### Try it
Restate word for word the lines beginning with the one that contains "House for sale" and ending at the bottom of the records below, both included.
Task inputs START
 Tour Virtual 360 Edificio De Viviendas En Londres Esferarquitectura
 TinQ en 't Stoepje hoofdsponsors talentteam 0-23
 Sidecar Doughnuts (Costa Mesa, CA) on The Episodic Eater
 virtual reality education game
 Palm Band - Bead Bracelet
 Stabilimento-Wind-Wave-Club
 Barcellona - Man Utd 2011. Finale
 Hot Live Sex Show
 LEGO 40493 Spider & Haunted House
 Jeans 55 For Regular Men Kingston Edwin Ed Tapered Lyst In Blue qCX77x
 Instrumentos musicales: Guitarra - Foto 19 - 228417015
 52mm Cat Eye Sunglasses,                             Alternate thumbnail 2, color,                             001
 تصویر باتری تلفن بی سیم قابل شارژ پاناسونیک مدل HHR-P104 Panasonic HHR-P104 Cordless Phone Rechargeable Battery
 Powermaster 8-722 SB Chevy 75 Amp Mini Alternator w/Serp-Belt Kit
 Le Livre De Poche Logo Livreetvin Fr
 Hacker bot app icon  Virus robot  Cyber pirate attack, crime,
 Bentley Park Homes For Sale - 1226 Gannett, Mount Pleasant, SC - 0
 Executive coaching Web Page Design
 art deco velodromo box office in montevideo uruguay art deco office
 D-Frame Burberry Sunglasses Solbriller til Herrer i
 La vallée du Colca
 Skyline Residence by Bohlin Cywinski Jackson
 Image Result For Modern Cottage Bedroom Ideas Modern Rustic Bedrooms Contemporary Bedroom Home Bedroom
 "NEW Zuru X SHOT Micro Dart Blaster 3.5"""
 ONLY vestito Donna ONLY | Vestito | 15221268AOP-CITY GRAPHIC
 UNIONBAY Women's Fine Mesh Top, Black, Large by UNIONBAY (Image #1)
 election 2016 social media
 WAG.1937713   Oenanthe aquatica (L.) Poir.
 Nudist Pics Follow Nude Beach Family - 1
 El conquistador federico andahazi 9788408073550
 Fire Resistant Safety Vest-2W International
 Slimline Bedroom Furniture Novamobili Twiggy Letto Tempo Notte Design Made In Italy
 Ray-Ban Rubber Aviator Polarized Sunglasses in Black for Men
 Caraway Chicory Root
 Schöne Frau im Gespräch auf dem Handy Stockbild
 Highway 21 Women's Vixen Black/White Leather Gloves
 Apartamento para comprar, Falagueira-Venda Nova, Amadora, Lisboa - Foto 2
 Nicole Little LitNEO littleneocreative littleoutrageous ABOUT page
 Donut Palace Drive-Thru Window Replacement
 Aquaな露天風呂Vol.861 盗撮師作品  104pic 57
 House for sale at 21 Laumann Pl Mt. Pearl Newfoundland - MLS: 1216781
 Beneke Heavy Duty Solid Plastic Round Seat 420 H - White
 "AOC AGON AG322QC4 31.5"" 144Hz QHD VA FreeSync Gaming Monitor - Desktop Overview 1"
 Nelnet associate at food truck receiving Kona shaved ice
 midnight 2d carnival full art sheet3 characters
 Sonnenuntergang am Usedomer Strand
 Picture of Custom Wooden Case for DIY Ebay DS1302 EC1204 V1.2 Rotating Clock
Task inputs END
### Task result
 House for sale at 21 Laumann Pl Mt. Pearl Newfoundland - MLS: 1216781
 Beneke Heavy Duty Solid Plastic Round Seat 420 H - White
 "AOC AGON AG322QC4 31.5"" 144Hz QHD VA FreeSync Gaming Monitor - Desktop Overview 1"
 Nelnet associate at food truck receiving Kona shaved ice
 midnight 2d carnival full art sheet3 characters
 Sonnenuntergang am Usedomer Strand
 Picture of Custom Wooden Case for DIY Ebay DS1302 EC1204 V1.2 Rotating Clock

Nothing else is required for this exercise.